Yaşadığımız hayatı insansal noktadan anlama ve kavrama aracı olarak dilin, insan üzerinde yarattığı “baskı cazibesi” ortada.  Çevresindeki tüm belirsiz şeyleri; bir düzen algısı  içine sıralayıp belirginleştiren, anonimleştiren; birlikte kullanıma açan hayata da dönüştürendir dil.  Etkisini kaybederek ucuzlaşsa da; ortak  ve bireysel hayatlarımızı kendi üzerinden kavramlaştırabilen ve varedebilen bir büyü aracı hala… İnsanlarımızı oluşturduğu ortada… Kendi kültür dili ile düşünmek; kendinle ve çevresiyle iletişim kurma hakkı nefes almak gibi; tartışmasız bir hak.
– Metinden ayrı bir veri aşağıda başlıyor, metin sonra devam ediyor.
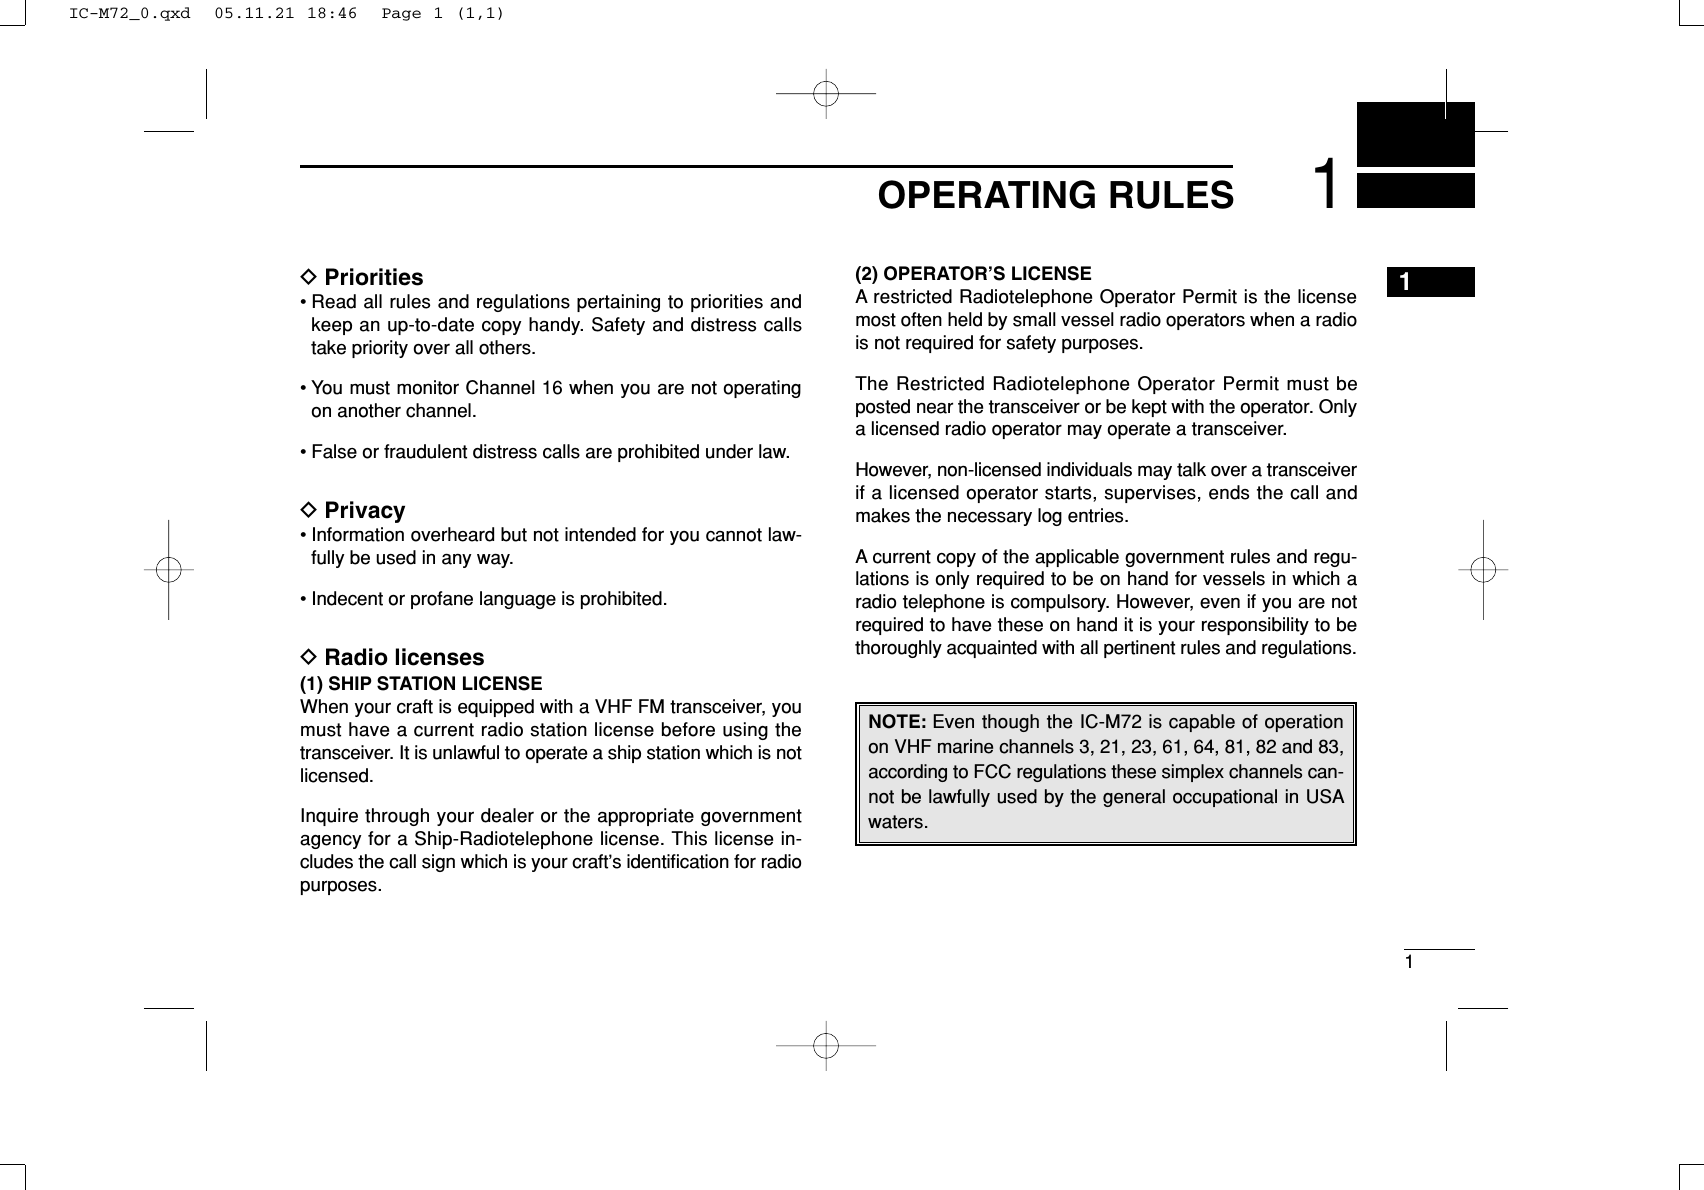 11OPERATING RULESDPriorities• Read all rules and regulations pertaining to priorities andkeep an up-to-date copy handy. Safety and distress callstake priority over all others.• You must monitor Channel 16 when you are not operatingon another channel.• False or fraudulent distress calls are prohibited under law.DPrivacy• Information overheard but not intended for you cannot law-fully be used in any way.• Indecent or profane language is prohibited.DRadio licenses(1) SHIP STATION LICENSEWhen your craft is equipped with a VHF FM transceiver, youmust have a current radio station license before using thetransceiver. It is unlawful to operate a ship station which is notlicensed.Inquire through your dealer or the appropriate governmentagency for a Ship-Radiotelephone license. This license in-cludes the call sign which is your craft’s identiﬁcation for radiopurposes.(2) OPERATOR’S LICENSEA restricted Radiotelephone Operator Permit is the licensemost often held by small vessel radio operators when a radiois not required for safety purposes.The Restricted Radiotelephone Operator Permit must beposted near the transceiver or be kept with the operator. Onlya licensed radio operator may operate a transceiver.However, non-licensed individuals may talk over a transceiverif a licensed operator starts, supervises, ends the call andmakes the necessary log entries.A current copy of the applicable government rules and regu-lations is only required to be on hand for vessels in which aradio telephone is compulsory. However, even if you are notrequired to have these on hand it is your responsibility to bethoroughly acquainted with all pertinent rules and regulations.NOTE: Even though the IC-M72 is capable of operationon VHF marine channels 3, 21, 23, 61, 64, 81, 82 and 83,according to FCC regulations these simplex channels can-not be lawfully used by the general occupational in USAwaters.1IC-M72_0.qxd  05.11.21 18:46  Page 1 (1,1)

Halkların kendi ilişkilerini yürütmede; “akıl ve sebep sonuç ilişkilerini” yürütmeden, dil ötesi büyülü bir sağduyuya sahip olduklarını biliyoruz…

Ne yapılabilir

Dil sembolü ile yürütülen çatışma ve yabancılaştırmaların; dışlayıcı siyasi bloklar ile, etnik dokuları ayrıştırıp örgütlemesi; küresel baskı dengeleri  ile ve öneminde düşünülmeli; siyasi sorumlulukları sergilenmelidir.

Bölge halkı, demokratik kitle örgütleri; yaşayan gerçek ve önceliklerini (ekonomik, sosyal, sağlık, kültürel) talep etme ve siyaseten temsil hakkını kullanmalıdır. Bu tabanlı ve çaplı ulusal takvimin, ülke geleneklerini, dengelerini zorlaması, oluşturmasında da bir sorun yoktur… Risk, küresel takvim ve ona bağlı seyir defterine eklenme dayatmaları ile ilgilidir…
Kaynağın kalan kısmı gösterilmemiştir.